I know the fact that I dare to possibly love and miss my babies still, even all these years later, makes people thoroughly uncomfortable. I know some people think I'm "stuck" on something I shouldn't be.
I rehearse the words recently spoken that cut so deeply while also rehearsing and tossing over and over in my mind what I could write to help people understand. Maybe there is a time for that, for speaking on behalf of the invisible+bereaved+longing-to-be mothers. But right now, I'm done with trying to get them to see what is. I'm done trying to explain the unexplainable-unless-you've-been-there. There is freedom in letting go and knowing He who sees all things has compassion on me.

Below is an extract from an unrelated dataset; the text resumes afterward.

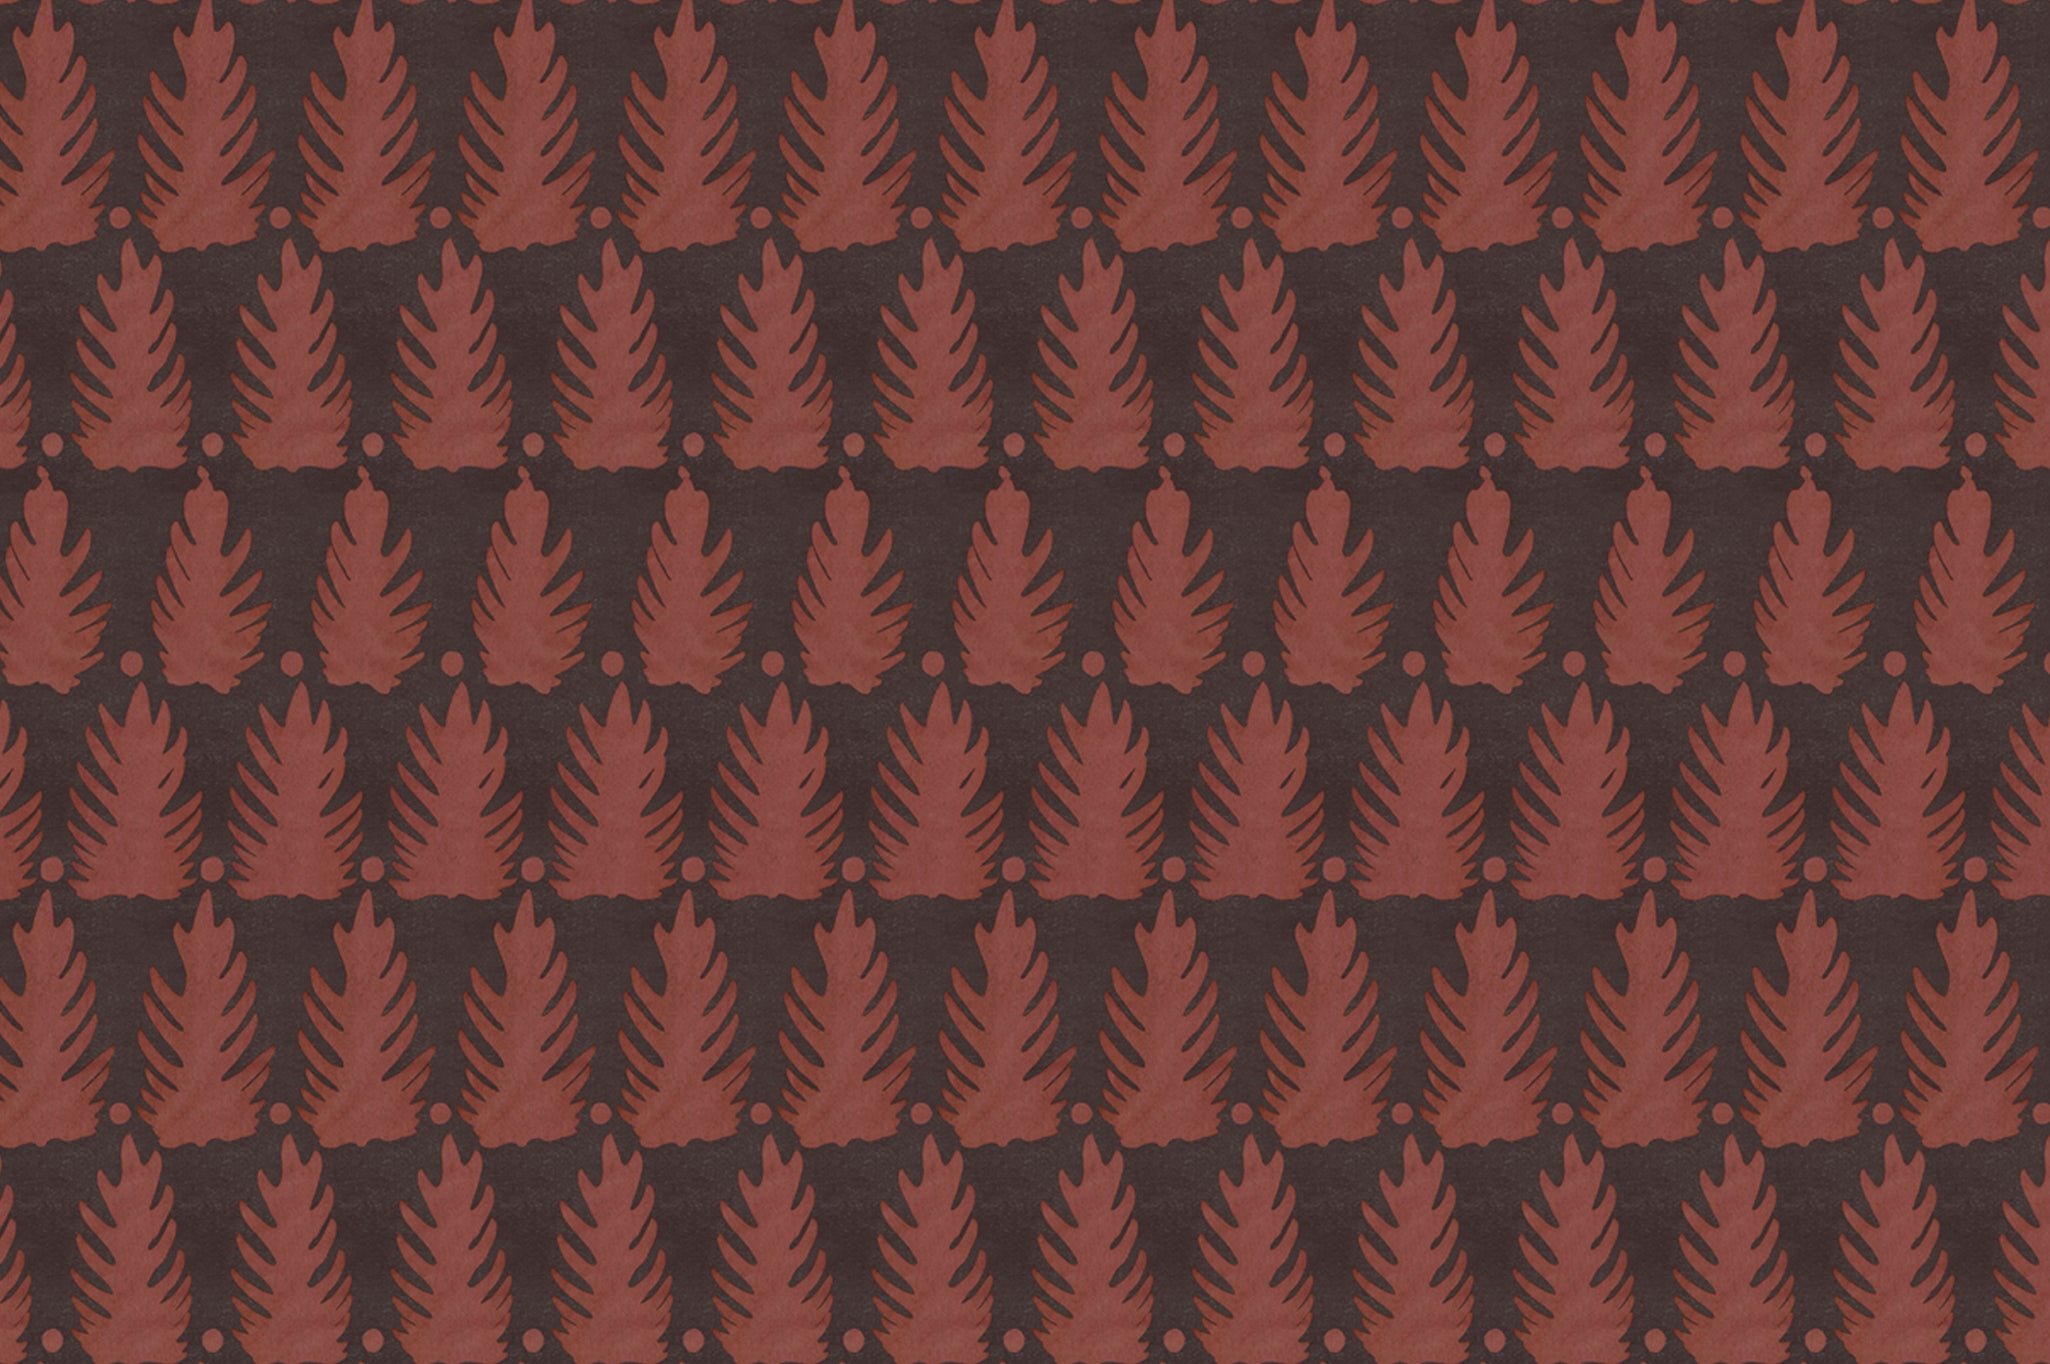 Detail of fabric in a linear leaf print in red on a black field.

Rachel Joy Welcher wrote in one of her lovely poems:
"Love isn't something we bury with dirt or time."
She also wrote:
"It's ok to look forward to the future
with a broken heart and a limp.
Is there any other way to
travel toward God
this side of heaven?"
I will continue to look forward to the future - my future here on earth where I'm trusting God that I will see and taste His goodness in the land of the living - and my future with Him where He will wipe away every tear I've ever shed.
I'm limping from loss, but I'm dancing because of this mother love that cannot be buried. A love that only my Father could birth in me as a mother. A love that never ceases and has taught me more about His heart for me than anything in this life yet.
And I'm trusting that even in the messy-complicated-sometimes-immature-and-twisted-by-pain that publicly sharing my story has meant over the past decade... that God will even use all that.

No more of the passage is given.